High School, our 20th issue, is on the way! To celebrate, we’re publishing a series of poetry and illustration that celebrate those teenage times for what they were–glorious, hopeless, funny, moving, or just plain embarrassing.

How Art Would Save Us by Amelia Garvin
How Art Would Save Us by Amelia Garvin

REMEMBER HOW WE FELT ABOUT ART AT SIXTEEN

By Esther McPhee

Ten years out of high school, I watch six seasons
of Glee in three months. It’s embarrassing to admit this

but when they burst into song I got that shining
feeling again. You know, that cocktail of conviction

and desperation that insists something inside of you
is important enough to become a poem.

If graduation was when I wedded myself to real life
(rent, grocery bills, the kind of heartbreak that makes you sober

and cautious), then I’m on my tin anniversary,
year of brittle metal.
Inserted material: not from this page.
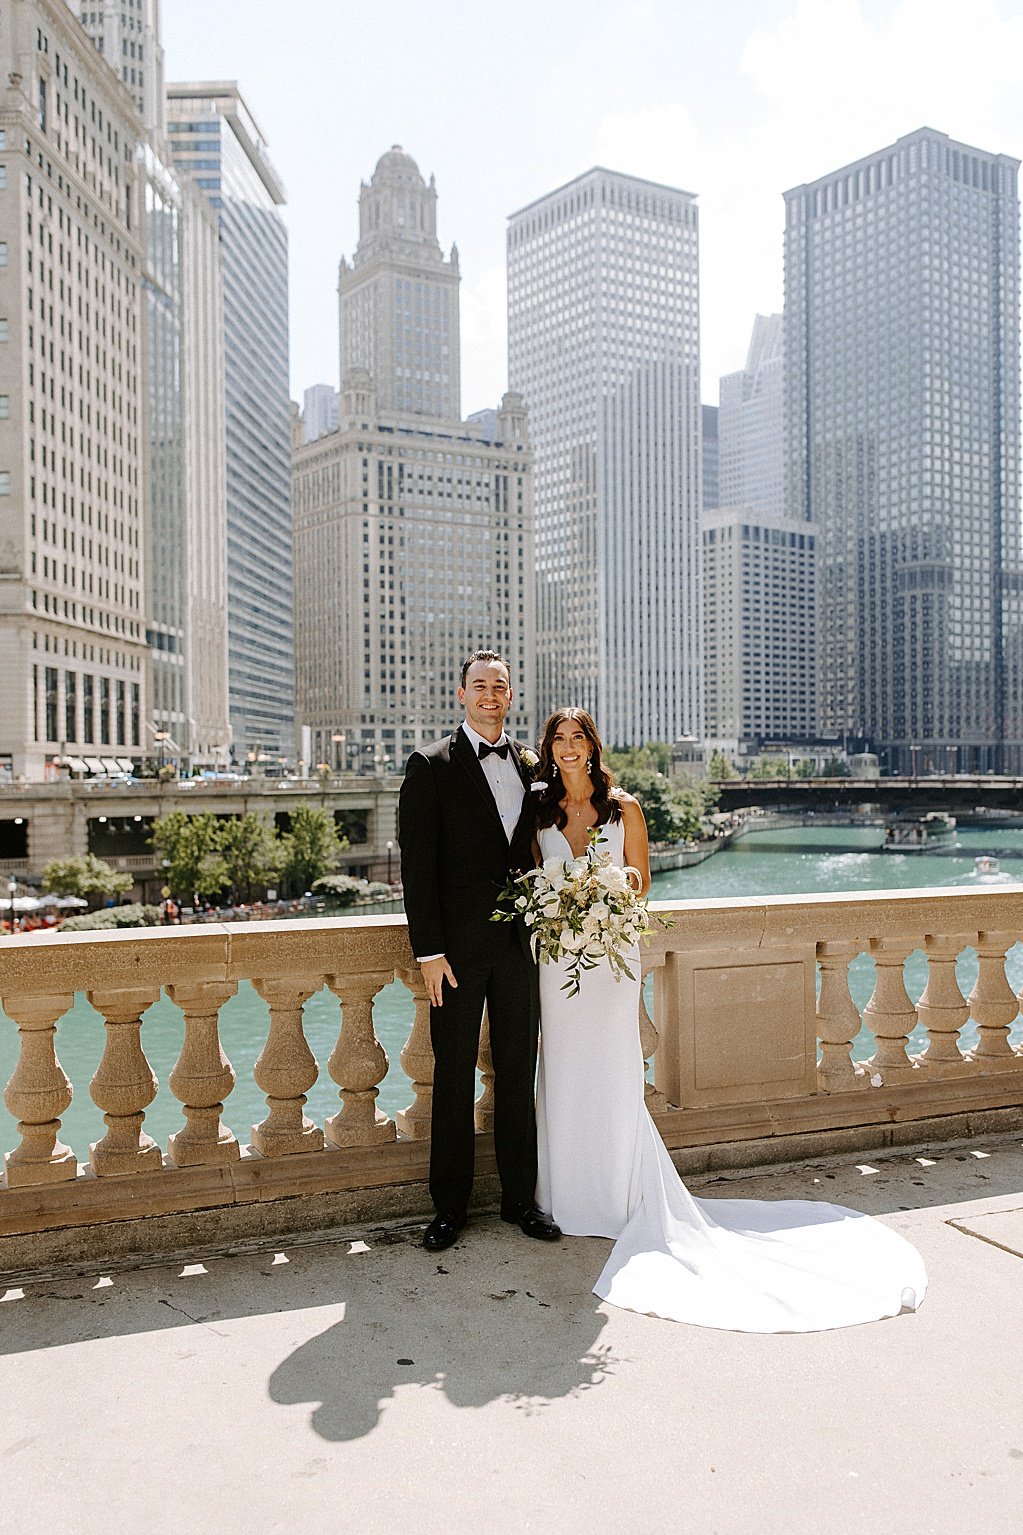 The Geraghty Chicago Wedding Venue, The Geraghty hotel chicago, Chicago wedding venues, high class chicago wedding venue, top chicago wedding venues, chicago wedding photographer

I remember high school pretty well

and I’m sure it was neither as cruel nor as gay as it is on TV.
I’m sure I spent whole semesters dreaming of a kiss

that would shock my fist open the way Kurt’s hand uncurls
when Blaine falls onto his mouth that first time, like water finally

after a long thirst. I cried after that scene the way I cried
when I found out a senior had killed himself

over spring break. I knew he was gay even though
I’d only talked to him twice in the hallway. We all knew

he was perfect. In a building made of pretending
no one else existed, he met your eyes

whenever he walked past. There was no song
for how immediately he disappeared. Just static.

Everything is pain and magic when your dreams
are as big as stadiums. Once in a while I want to remember

how completely I believed art could save anything
—anyone—when I was sixteen.

 

Esther McPhee is a genderqueer writer, magic-maker and organizer who lives in a cozy collective house and reads a lot of kids books. They hold an MFA in Creative Writing from UBC and co-organize a queer reading series called REVERB. Find out more about Esther here. “REMEMBER HOW WE FELT ABOUT ART AT SIXTEEN” will also appear in SAD Mag‘s upcoming issue: High School. 
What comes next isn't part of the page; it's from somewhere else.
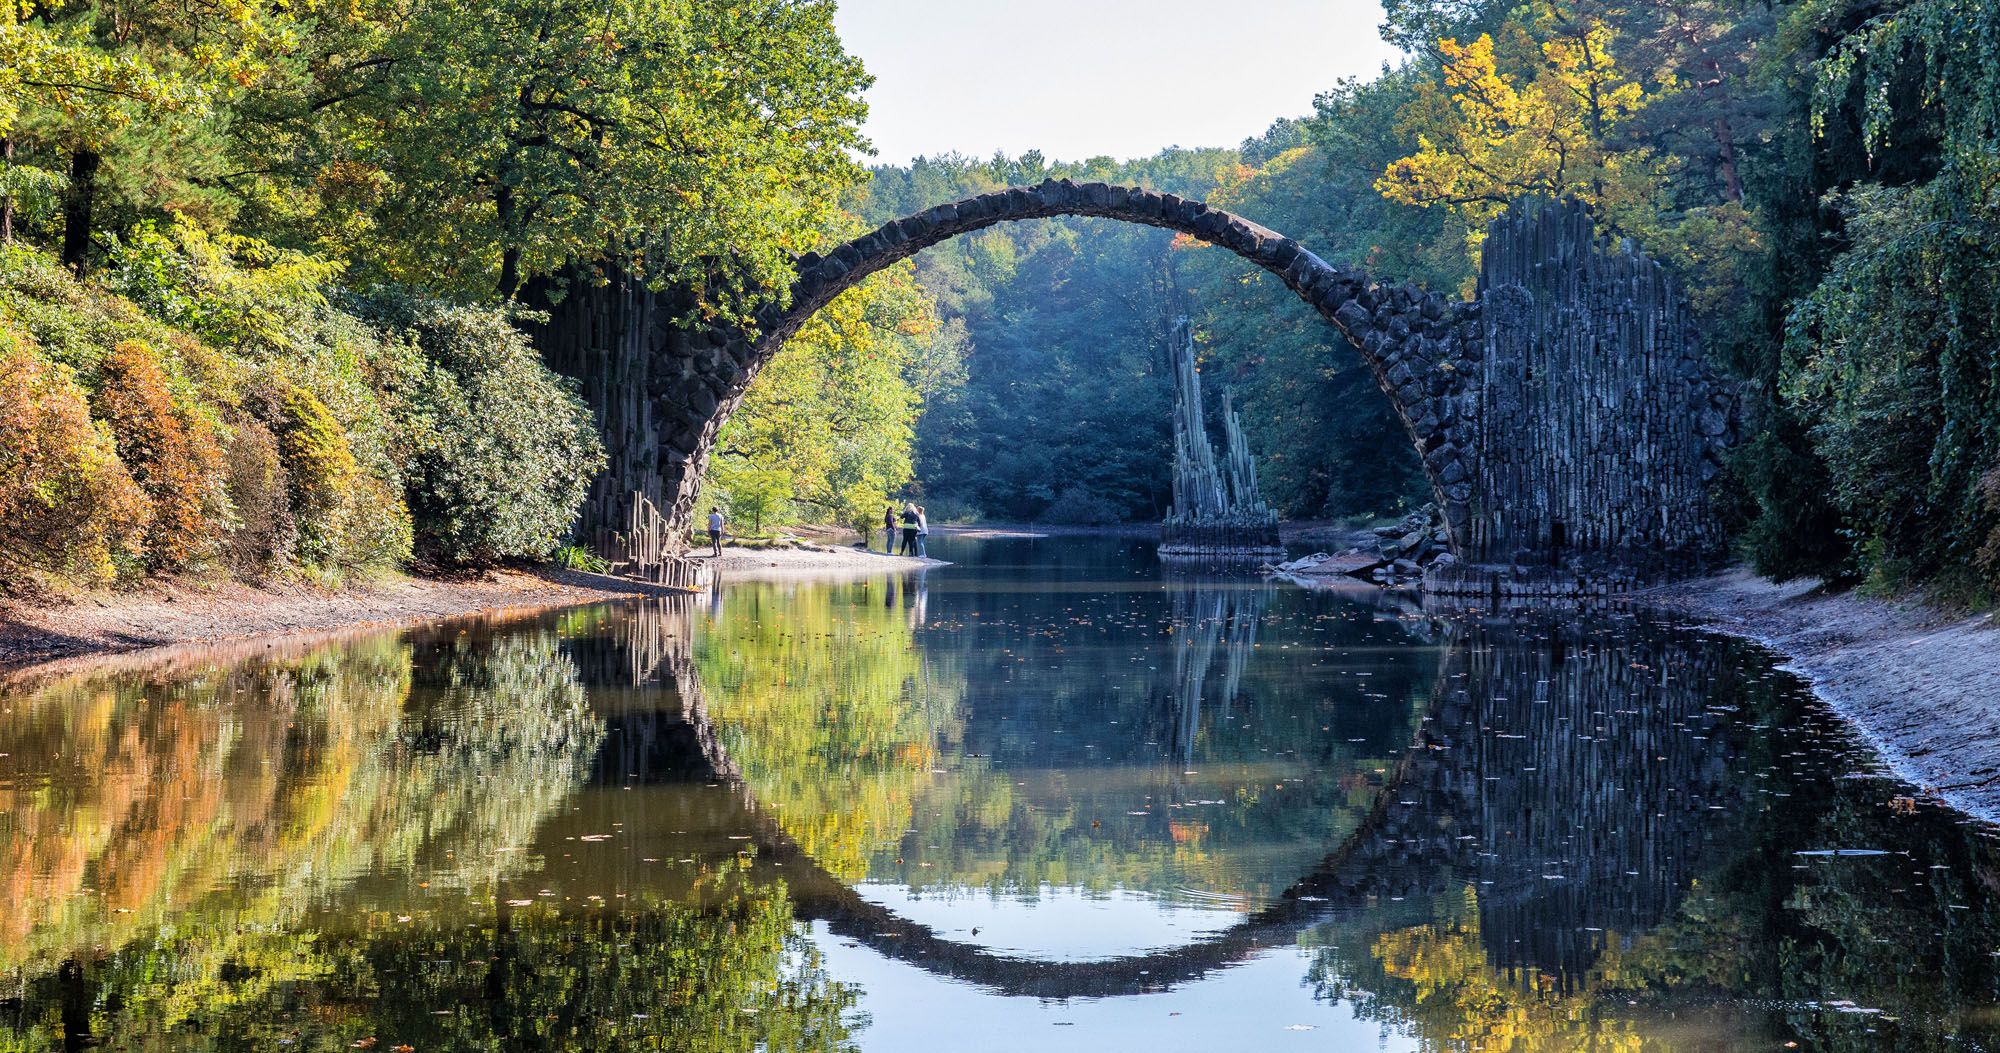 Featured image for “Rakotzbrücke: A Fairytale Bridge in Saxony, Germany”

Amelia Garvin is a painter and illustrator who has exhibited her work in group shows across Vancouver. She has a BFA from Emily Carr. See more work by Amelia here and here. 

 

Look out for High School Poetry on Tuesdays on sadmag.ca.

Due to a design error, the version of this poem that appears in SAD‘s print issue is centered rather than flush left as the poet intended. To Esther McPhee, to the poetry community, to our dear readers, we extend an embarrassed, heartfelt, left-aligned apology.